Голос его возвысился, став почти громким. Впрочем, акустика в храме изумительная, и толпившиеся подле гвардейцы, не говоря уж обо мне и архимандрите, и до того прекрасно слышали каждое его слово.

– Но на то божья воля. К тому ж оставляю заместо себя надежных людишек в Опекунском совете, кои продолжат и закончат начатое мною. А как продолжить, подскажет князь Федор Константинович. Ему мои задумки ведомы. И проклинаю любого, кто осмелится строить оным опекунам помехи и козни, буде даже таковой…

Он запнулся, посмотрел на меня. Я кивнул, подбадривая. Мол, сказал «а», говори и «б», и Дмитрий твердо продолжил:

– …мой родич.

Отец Исайя всхлипнул, но, памятуя о том, что это все-таки исповедь, робко напомнил:

– Ты бы о грехах, государь, о грехах.

– Все, – выдохнул Дмитрий. – Боле мне пред вседержителем, Исусом[8] Христом и богородицей каяться не в чем. – Он, вновь устремив взгляд на меня, слабо улыбнулся и почти беззвучно, одними губами прошептал: – Plaudite, amici, finita est comoedia[9].

– Заговаривается, – раздалось за моей спиной.
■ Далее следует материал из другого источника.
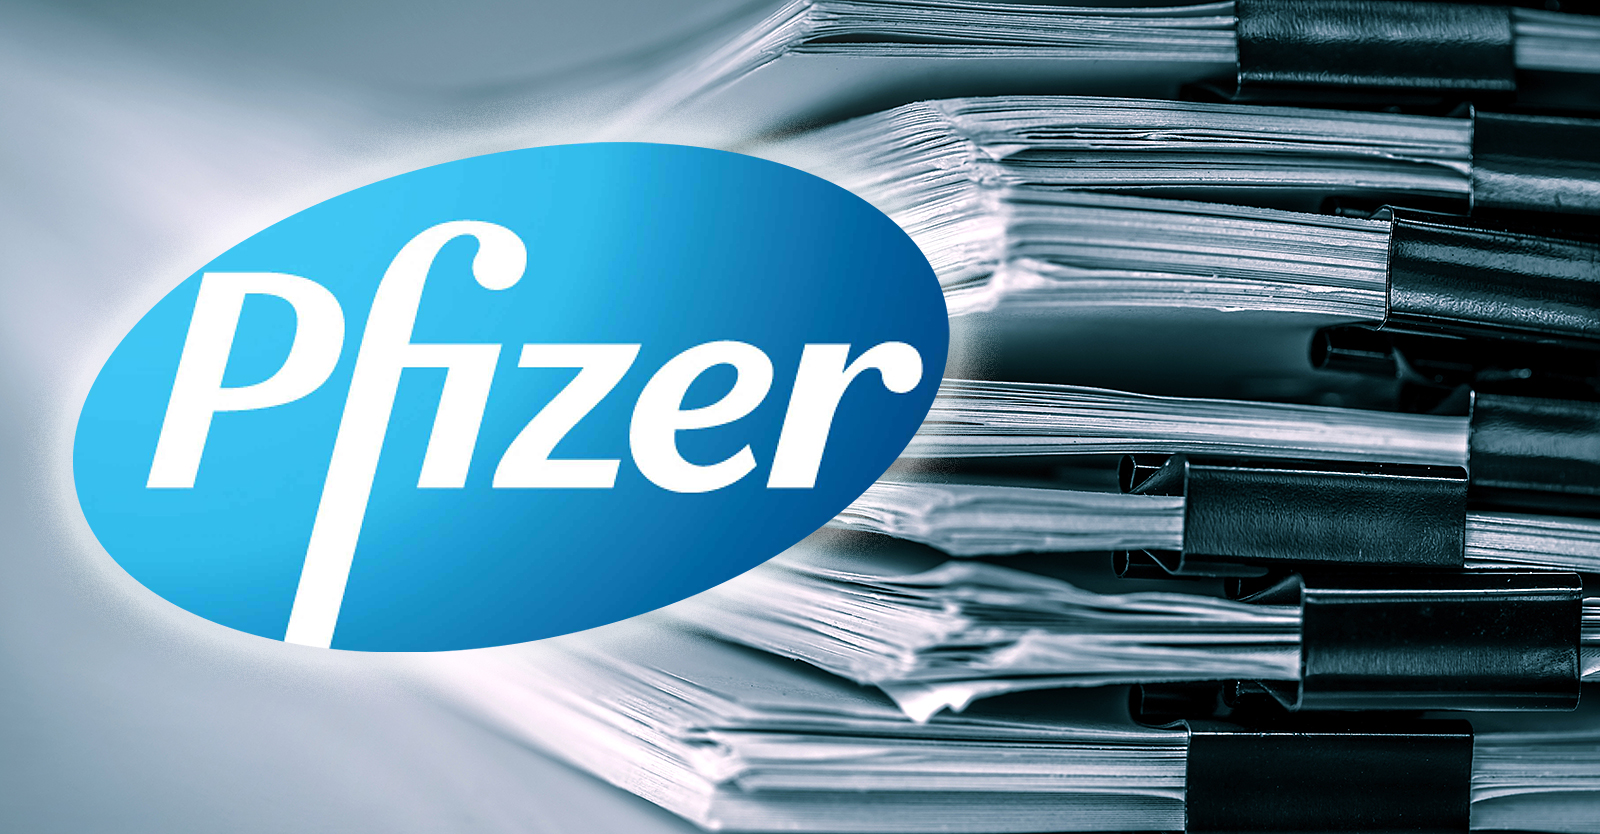 Des documents révèlent que Pfizer a embauché plus de 600 personnes pour traiter les rapports d’effets indésirables des vaccins

Архимандрит всхлипнул. Слезы градом лились по его морщинистым щекам, когда он дрожащими руками торопливо извлекал из небольшого бархатного мешочка на груди какой-то платок. Положив его на бережно подставленные руки служки, он суетливо развернул его, что-то извлекая.

Меня отвлек присланный Груздем гвардеец. Склонившись к моему уху, он принялся торопливо докладывать, что боярские холопы пошли на штурм, принявшись ломать одновременно все двери. Да я и сам последнюю минуту слышал гулкие мощные удары таранов.

– Попозже подойду, – отмахнулся я. – Передай сотнику, пусть держится.

Но тут вмешался Дмитрий.

– Иди, князь, – кивнул он мне. – Мне все одно… пора… Обними меня… напоследок… и иди.

Он и впрямь и выглядел, и говорил совершенно иначе, чем минутой ранее, во время исповеди. Увы, но произошедший в нем всплеск сил оказался последним, и сейчас их остатки буквально на глазах стремительно и безвозвратно покидали его тело. Бледное лицо Дмитрия покрылось неприятной восковой желтизной, а левая рука принялась собирать с одежды нечто невидимое.

– Обирается, – еле слышно прокомментировал кто-то сзади. – Такое частенько перед…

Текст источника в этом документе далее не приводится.